Quand enfin je me laissais découvrir, pour me montrer toute sa joie, il se mettait sur le dos et se faisait pipi dessus! et quel pipi!; combien de fois j'ai dû le savonner.

Nous avons eu aussi chez nous un petit perroquet domestique qui venait d'Abyssinie: il rongeait des fèves et des pois chiches toute la journée ( les noix et les amandes c'était nous qui les mangions) et il était  antipathique parce qu'il ne savait rien faire d'autre et qu'il n'était pas beau du tout. Il avait la tête aussi grosse que tout le reste du corps et la couleur de son plumage était d'un gris qui tendait sur le jaune;

j'ai élevé aussi beaucoup d'oiseaux et aussi d'autres animaux: des faucons, des hiboux, des coucous, des pies, des corneilles, des chardonnerêts, des canaris, des pinsons, des alouettes, etc. J'ai même élevé une petitte couleuvre, une belette, des tortues et des hérissons.

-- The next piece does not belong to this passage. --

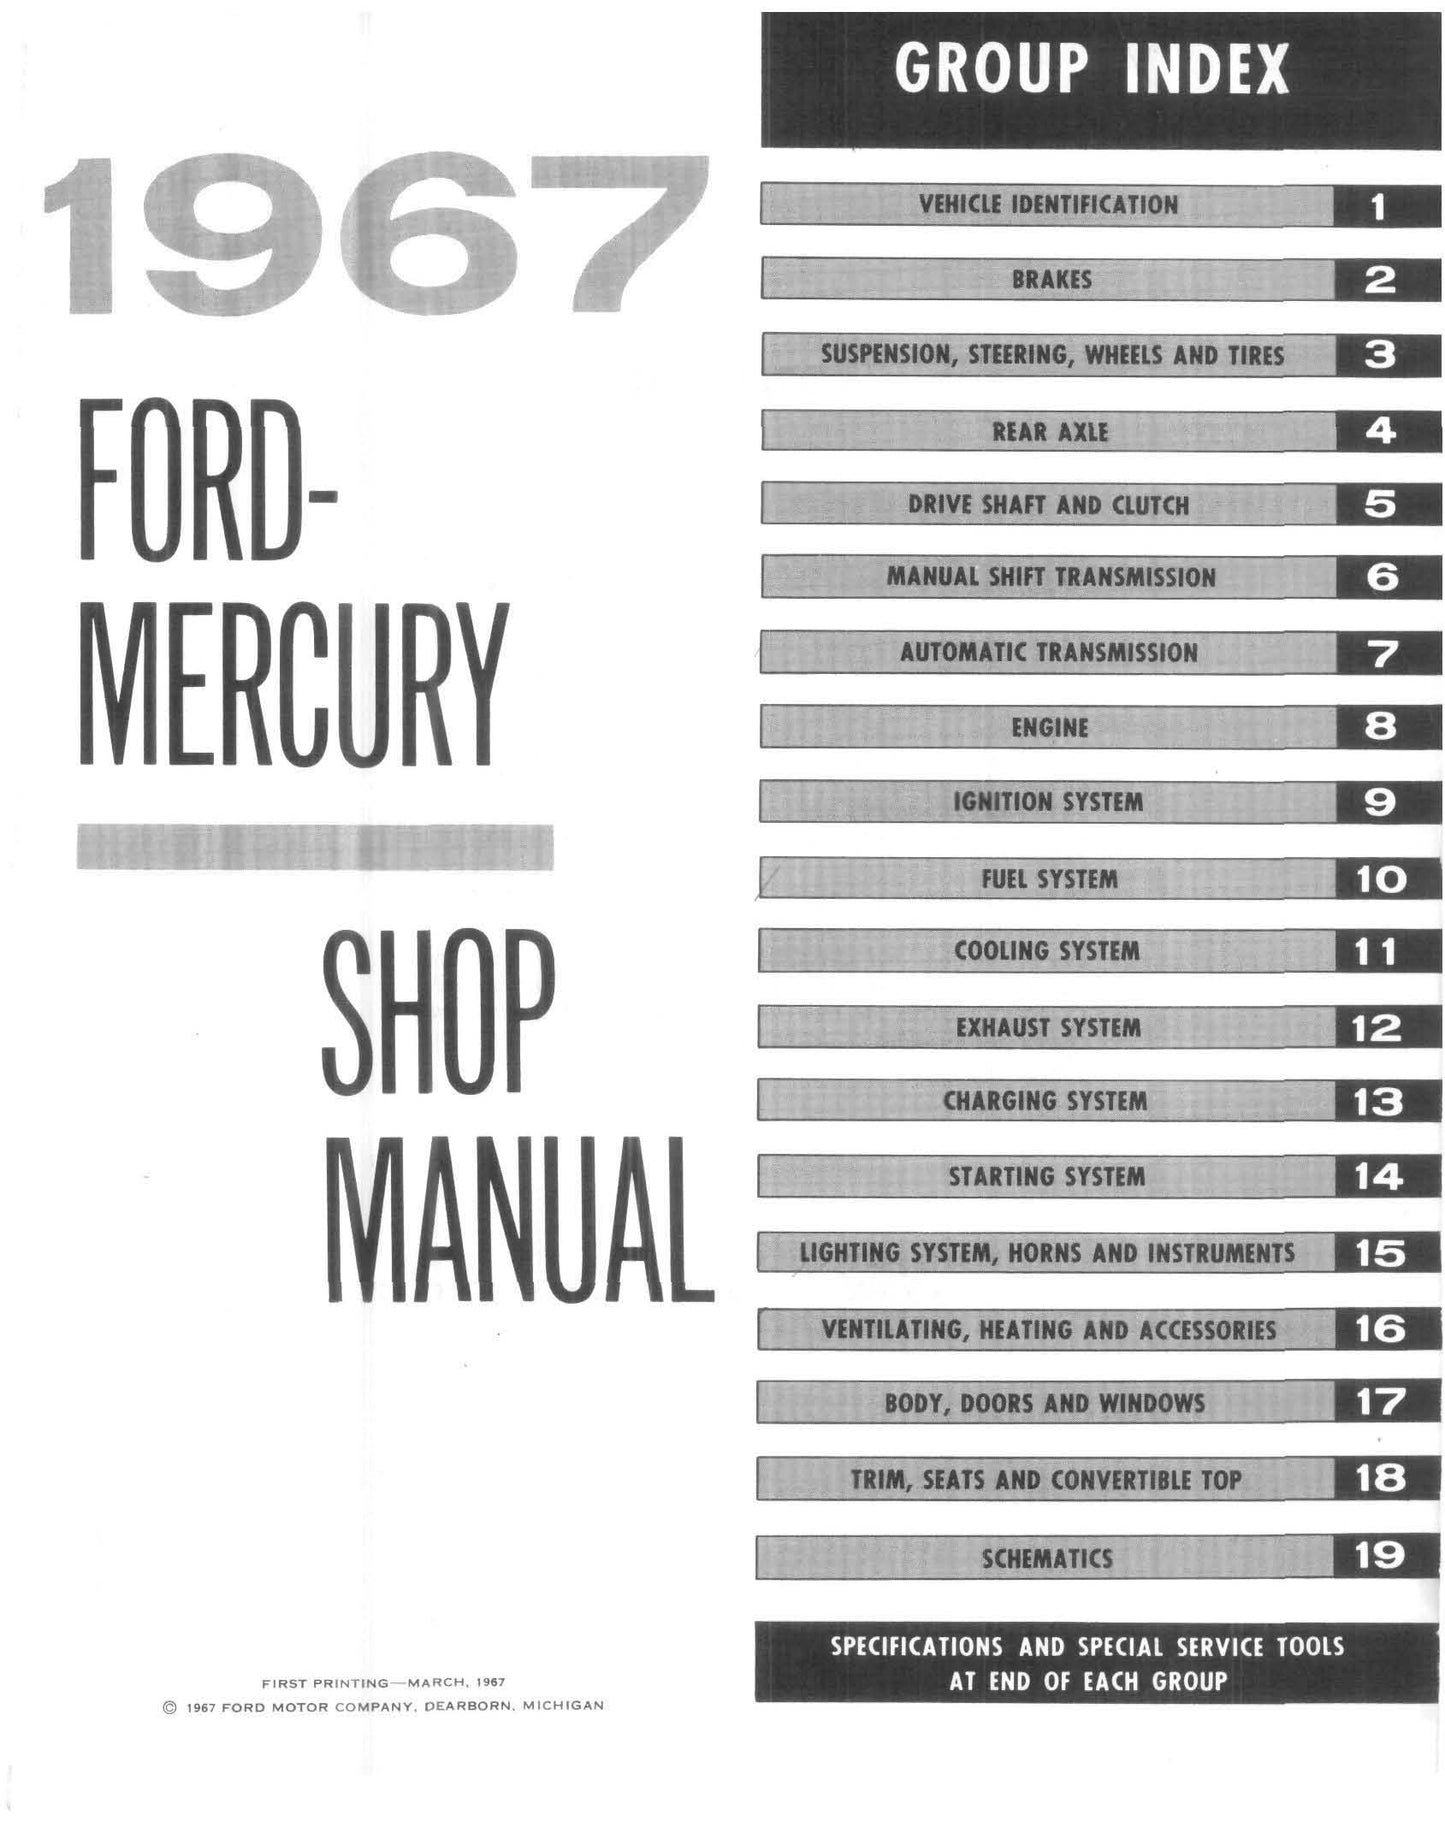 1967 Ford Truck Shop Manual
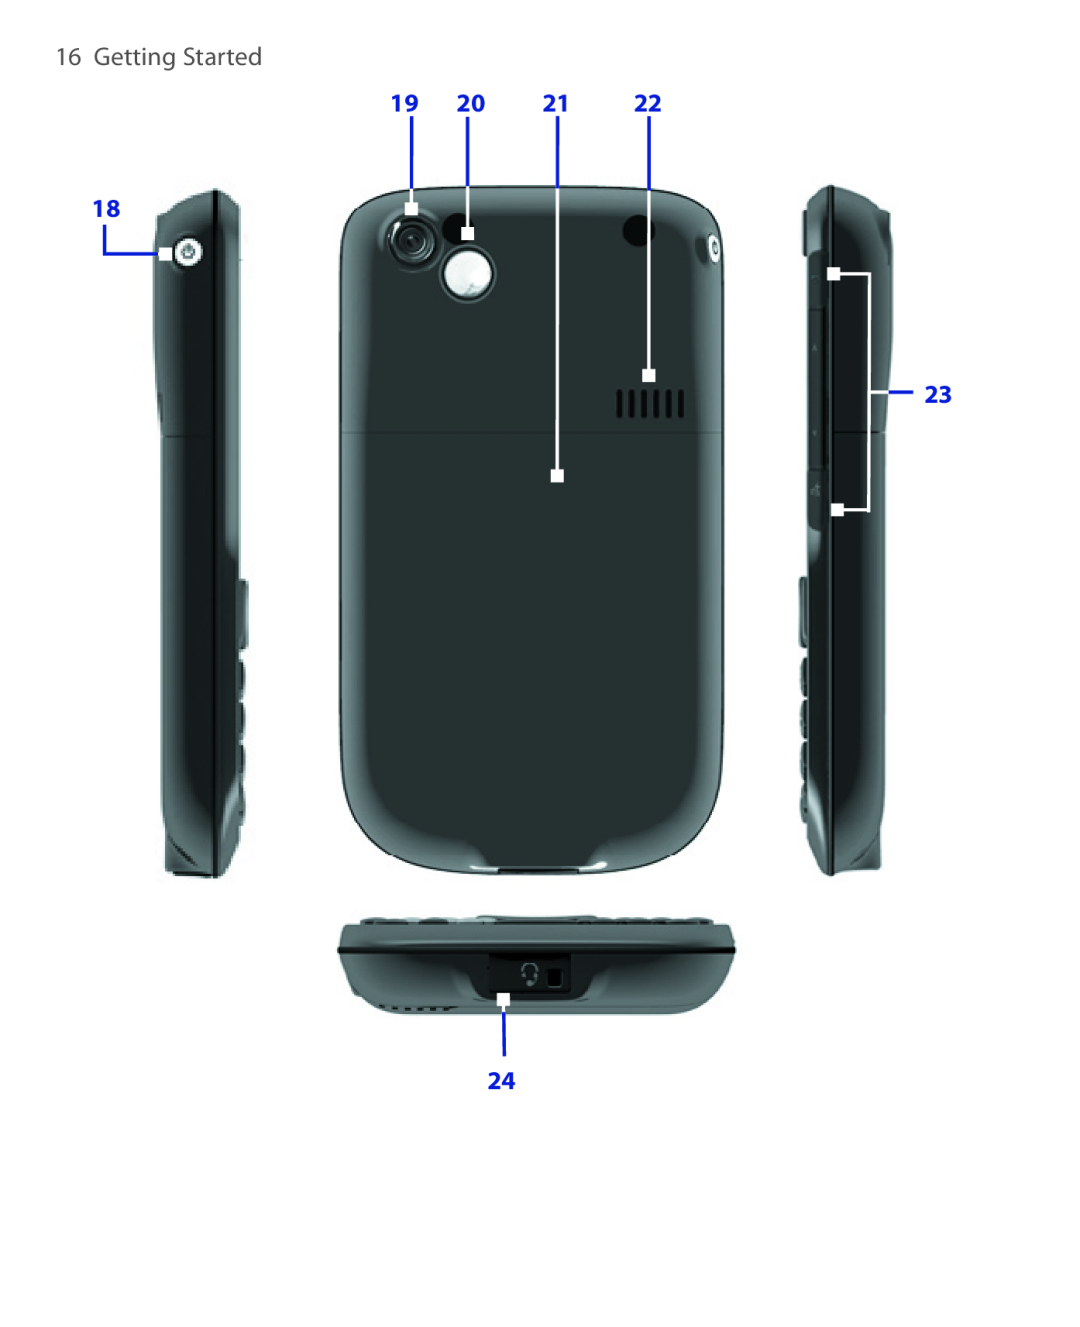 HTC HTC S621 user manual Getting Started, 19 20 21

Voici comment j'ai vu des hérissons faire la cueillète des pommes. Un soir d'automne- il faisait presque sombre, mais la lune brillait déjà, très claire- je suis allé avec un petit camarade à moi dans un champ couvert d'arbres fruitiers, particuliérement  des pommiers. Nou nous sommes caché dans un fourré, sans le vent. Et tout d'un coup voici que surviennent les hérissons, cinq,, deux gros et trois tout petits. En file indienne; ils se sont un peu promenés dans l'herbe, puis ils se sont mis au travail. En s'aidant de leurs petits museaux et de leurs petites pattes, ils faisaient rouler les pommes que le vent avait détachées des arbres, et ils les rassemblaient dans un petit emplacement dégagé, bien près les unes des autres. Mais il faut croire que les pommes tombées par terre ne suffisaient pas, le plus gros des hérissons, le museau levé, regarda autour de lui, choisit un arbre très penché et il y grimpa, suivi par sa femelle. Ils se posèrent sur une branche chargée et ils commencèrent à se balancer en mesure; Leurs mouvements se communiquèrent à la branche qui oscilla de plus enn plus par secousses brusques et un grand nombre d'autres pommes finirent par tomber.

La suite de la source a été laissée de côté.